Monday, June 8, 2009
Disaster Prep Monday: Food and Treats
Toby Terrier, our Hurricane Preparedness mascot, like most dogs is always looking forward to his favorite meal—the next one. In the event of a planned evacuation, or a few days spent without power (some folks in our area went three weeks without power after Hurricane Ike last September), you need to add pet food to your disaster planning list.
If your dog has a favorite food from the grocery store, pet or big box store, keep tabs on how much you have on hand. When storm approaches, shelves empty out. You might be able to find Alpo, but not your pooch’s favorite flavor of Iams select. After a big storm, stores will be closed—where I live, stores were closed for a week and poorly stocked for up to three weeks, and we were well beyond Ike’s Galveston-area landfall in Montgomery County, Texas. Even if we had wanted to drive out of the storm area, we were reluctant to use the gas in our vehicles.
If you feed your pet a prescription dog food from your vet or a specialty food not easily found in grocery stores, it’s even more important to plan ahead. Post-storm, both animals and people yearn to preserve whatever routines we can, and switching kibbles or canned food is not something wise to try during this time. My advice is to keep an extra month's worth of canned and dried food for each pet on hand during hurricane season. Consider how you’ll keep open cans of food cool. We had a generator so our pets didn’t have to worry that the Science Diet canned food would spoil!
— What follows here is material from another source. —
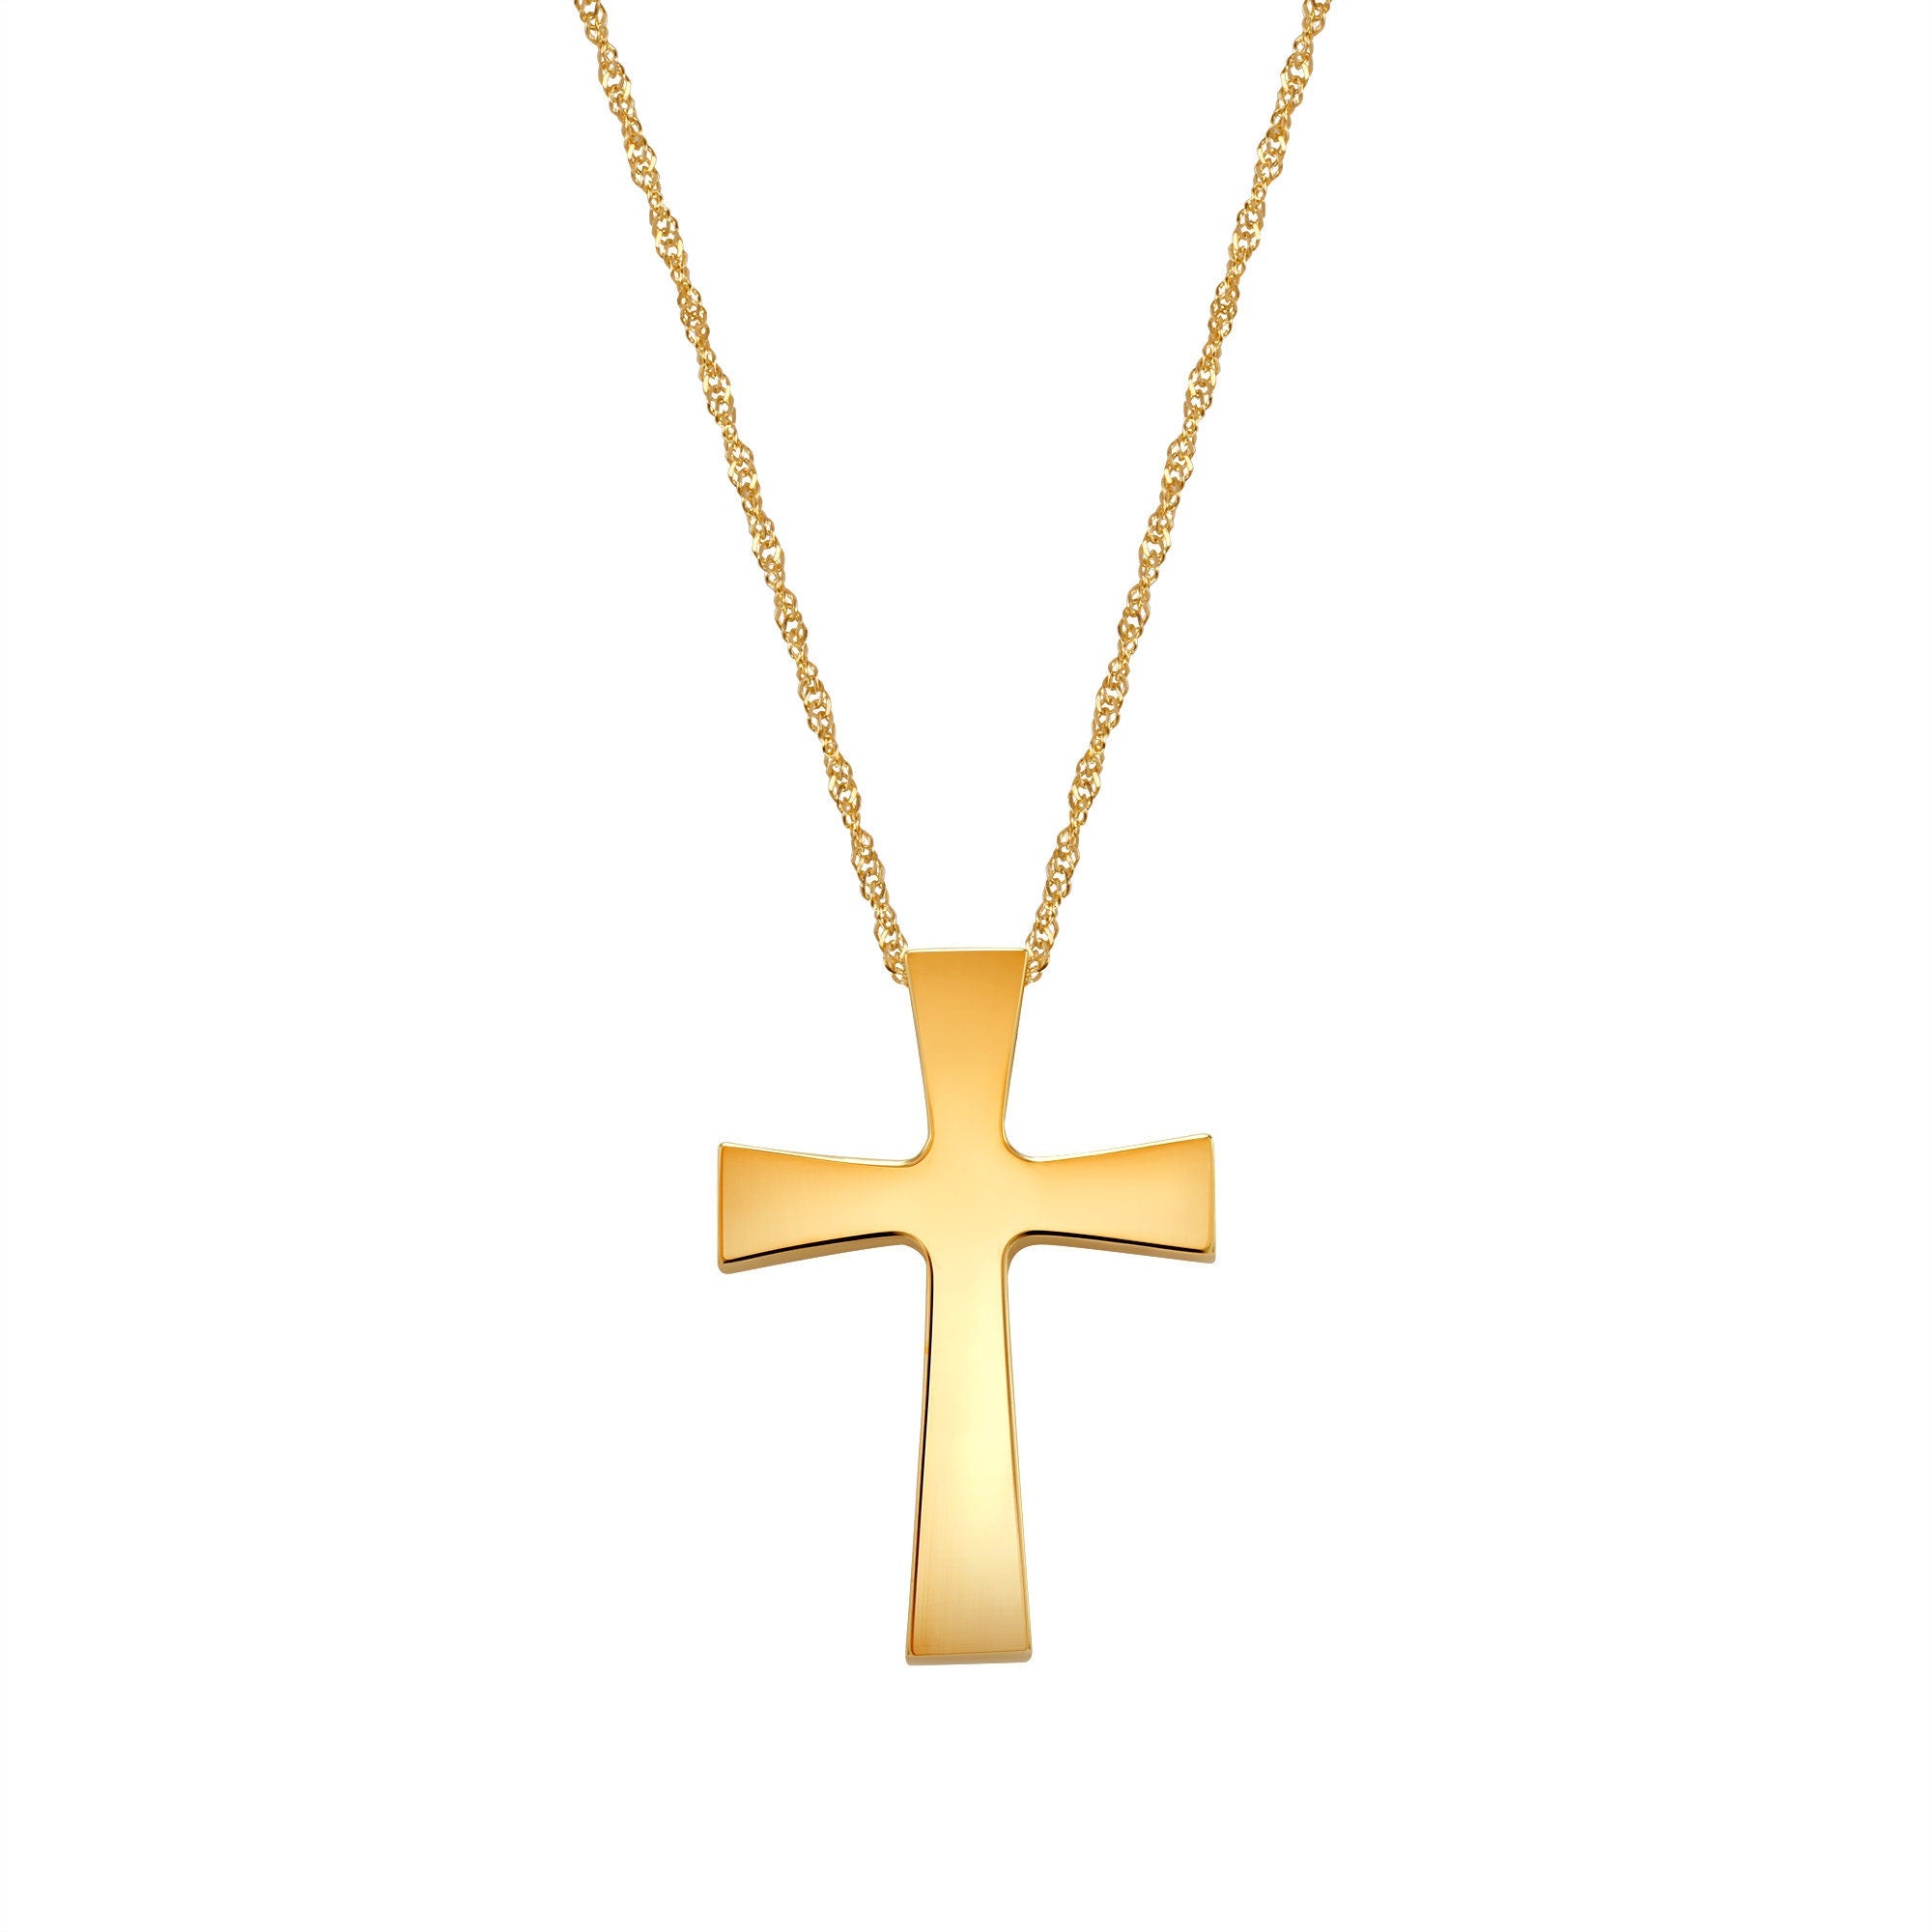 14k solid gold high polish cross with solid gold 18" chain

Be cautious about the risks of spoiled food. Don’t feed your pet questionable human or pet food. And be alert to the garbage that appears post-storm—-it will be extremely tempting to your pets. After Ike hit Texas and other parts of the nation, many folks had to empty their refrigerators. In our neighborhood, bags of refrigerator garbage lined our normally tidy streets. And because we had no power, dog owners walked their dogs a lot more.
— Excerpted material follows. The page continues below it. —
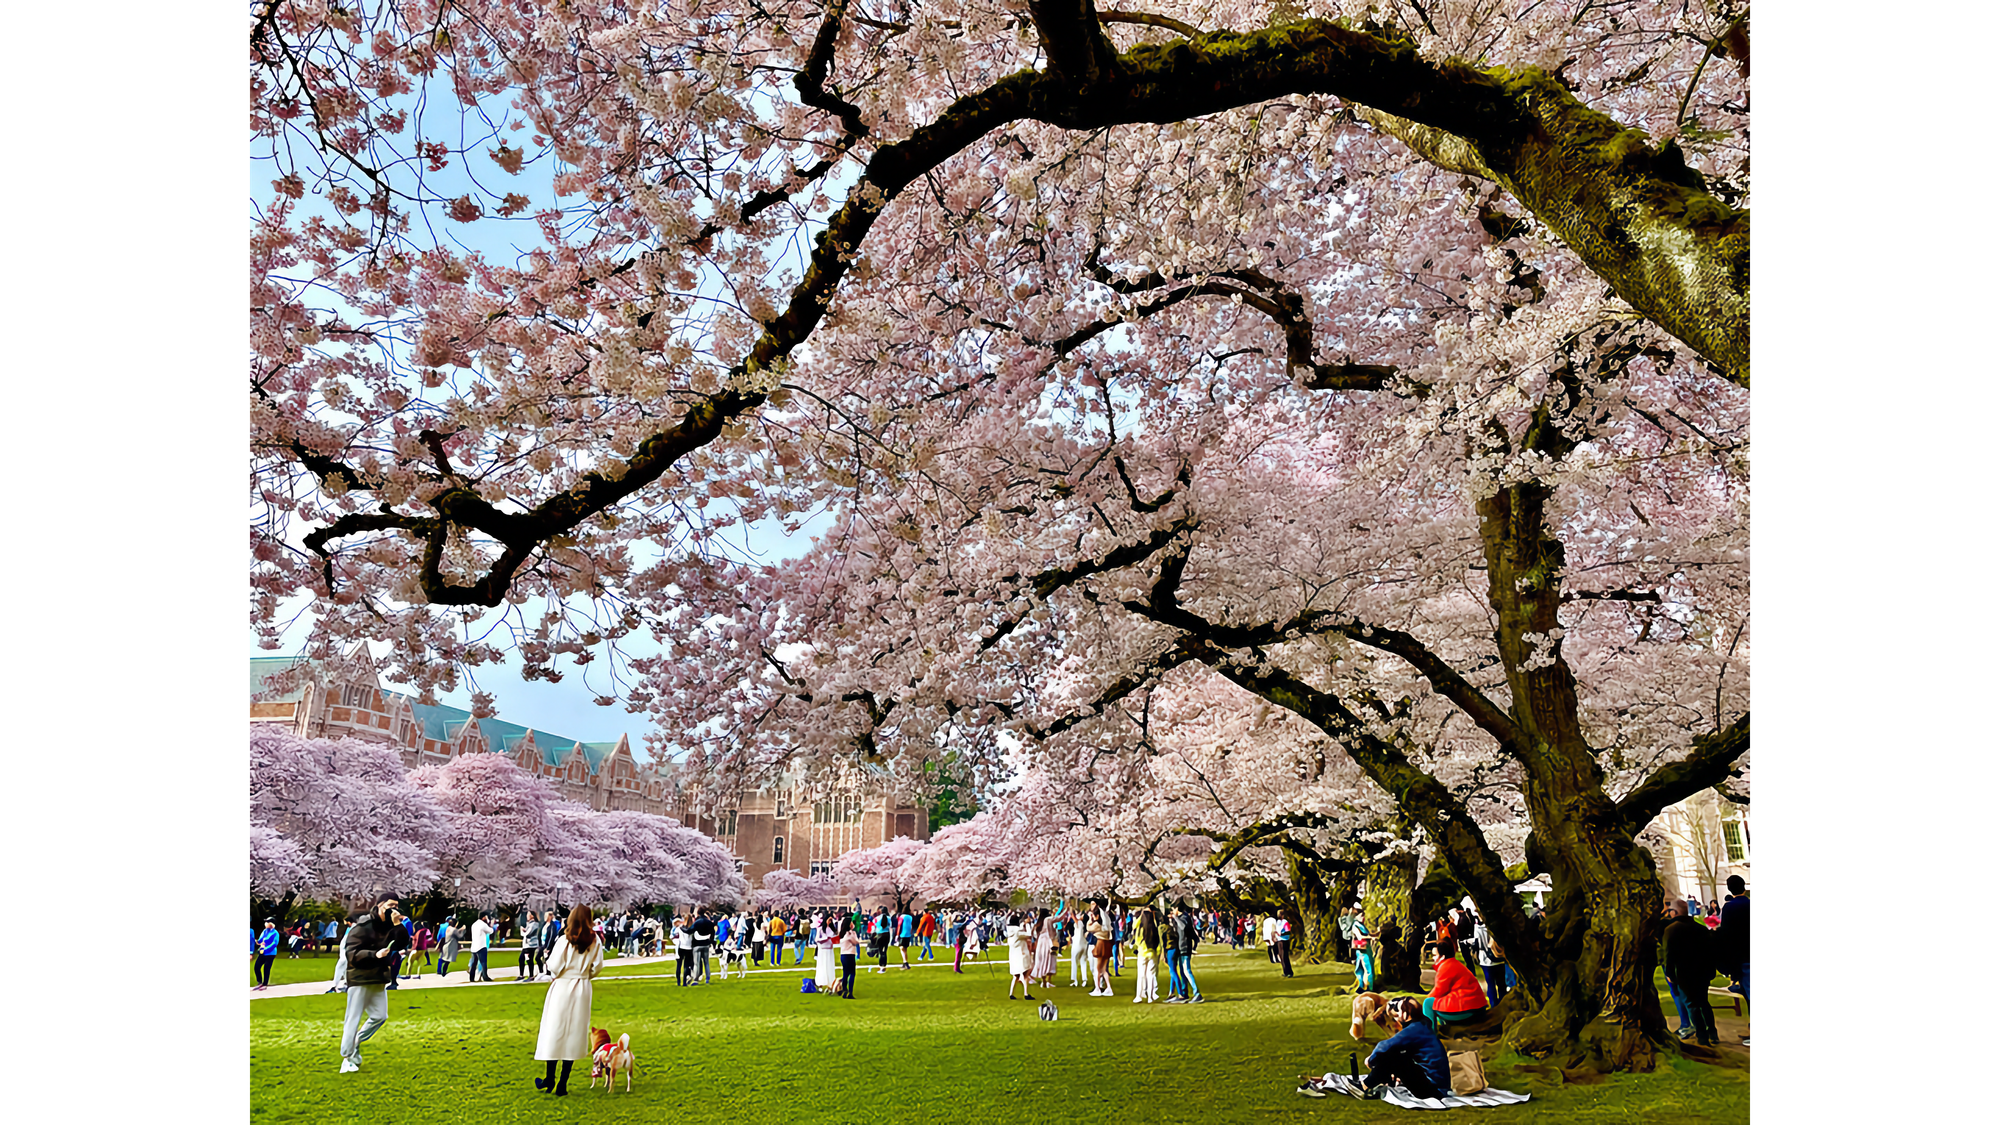 Photo of people under large cherry trees in blossom on green quadrangle.

But we had a close run-in with a purloined “snack.” A few days after Ike’s landfall, my husband came back from walking our dogs on their usual route shouting that he needed help with Taco, our 16-pound athletic miniature pinscher. I found him struggling to keep all four of Taco’s feet off the ground by clutching his harness. Taco had a big bird leg in his mouth and was doing his best to swallow it whole. He had picked it up in the dark of early evening (we had no power, so no street lights) and my husband thought he had a stick until he got home and saw gristle and a clawed foot!
I put my hands around Taco’s neck and gripped him firmly enough to feel the butt-end of the leg-bone in his upper throat. By squeezing against Taco’s throat and yanking on the clawed-foot (yuck!) we managed to get the jointed leg bone away from him. We call Taco “Mr. Bitey” because he can be nippy—and you can bet he was pissed that we deprived him of his treat.
How the bird foot—it looked like a rooster or bigger—got on the walking path we’ll never know. Maybe it was a game bird killed in the storm or a hunter’s catch dumped somewhere from a freezer. All we knew is we didn’t have an emergency vet available within a 100-mile radius two days after a major storm made landfall. We made sure to walk the dogs before nightfall after that.